Our experiment tested three replicates of each sensor for a total of 15 sensors. The Figaro sensors of each type were from the same production batch; the MQ4 sensors were ordered from the distributor at the same time but did not have printed batch information. We designed a printed circuit board (PCB) for the sensors and associated electronics, as shown in Fig. 1. The PCB holds the sensors, voltage divider resistors, and connectors for sensor signals and power. The PCB also contains power supply bypass capacitors, which were not in the direct path of the measurement circuit, to reduce any power supply noise. We randomized the order in which the sensors were placed on the PCB to minimize possible thermal differences between the edge and center positions. The sensor board and sensors were burned in for several days before use.

Figure 1 Diagram of the experimental setup. One of each type of sensor is labeled on the circuit board: A = MQ4; B = TGS2602; C = TGS2611-E00; D = TGS2611-C00; E = TGS2600. In the actual experiment the data acquisition unit was placed inside the inner enclosure; for visual clarity it is shown outside in the diagram.

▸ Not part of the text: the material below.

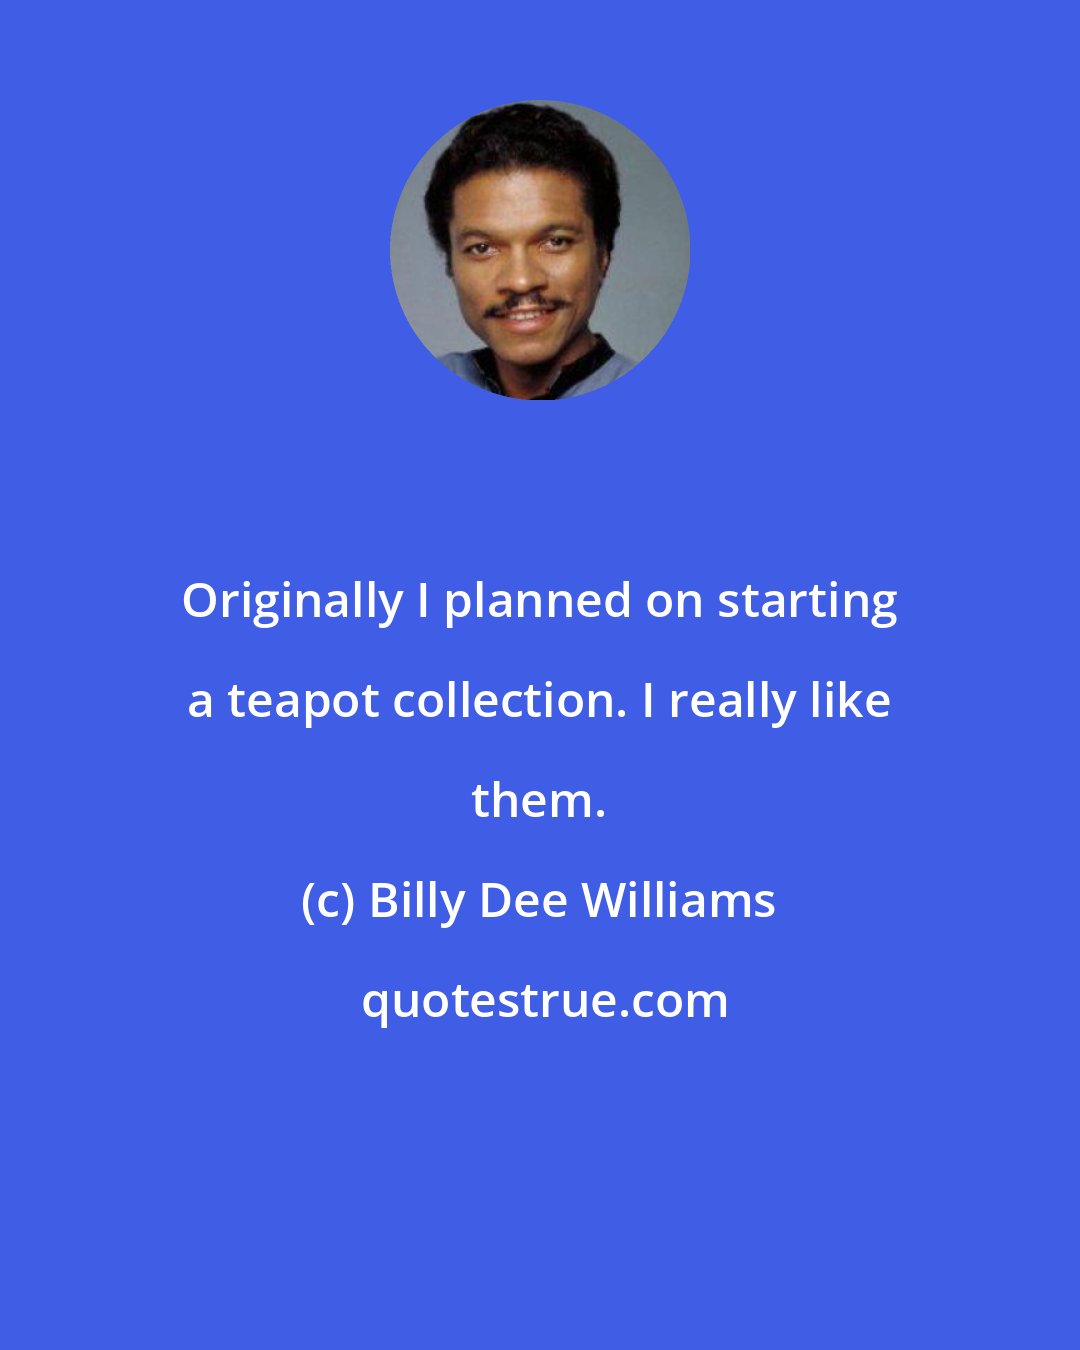 Billy Dee Williams: Originally I planned on starting a teapot collection. I really like them.

2.2 Instrumentation and experimental setup

The sensor signals leaving the PCB were analog voltages that required digitization with a data acquisition unit (LabJack Corp. T7) connected to our host computer. The data acquisition unit has a 16-bit analog digital converter, which was further averaged internally to an effective bit depth of 19.1 bits, corresponding to a 37 µV resolution (LabJack Corp., 2022). We used a standalone device (VWR International LLC Traceable Logger-Trac) placed next to the sensor PCB to measure and record relative humidity and temperature. The humidity and temperature logger recorded an entry every 30 s, which we later averaged to 1 min.

We powered the sensor board with a regulated bench power supply (Keysight Technologies E3631A), with the data acquisition unit powered via USB from the host computer. The sensors were warmed up for 2 h prior to beginning data collection. The data acquisition unit digitized the analog sensor voltage divider signals and sent voltage readings to the host computer, as directed by a program running in Python 3.7 (Python Software Foundation). The host computer paused for five seconds between consecutive samples; including the time required to acquire data and small variations in system timing, this resulted in an entry of readings from all 15 sensors every five to six seconds, which we averaged later to 1 min resolution.

We used an LI-7810 optical trace gas analyzer (LI-COR Inc.) as a reference instrument. The LI-7810 measures methane with better than 1 ppb precision and water vapor with better than 50 ppm precision, with a methane response time specified as less than two seconds (LI-COR, 2021). The reference instrument produced readings every second, which we later averaged to the minute. The analyzer was still in its initial factory calibration period.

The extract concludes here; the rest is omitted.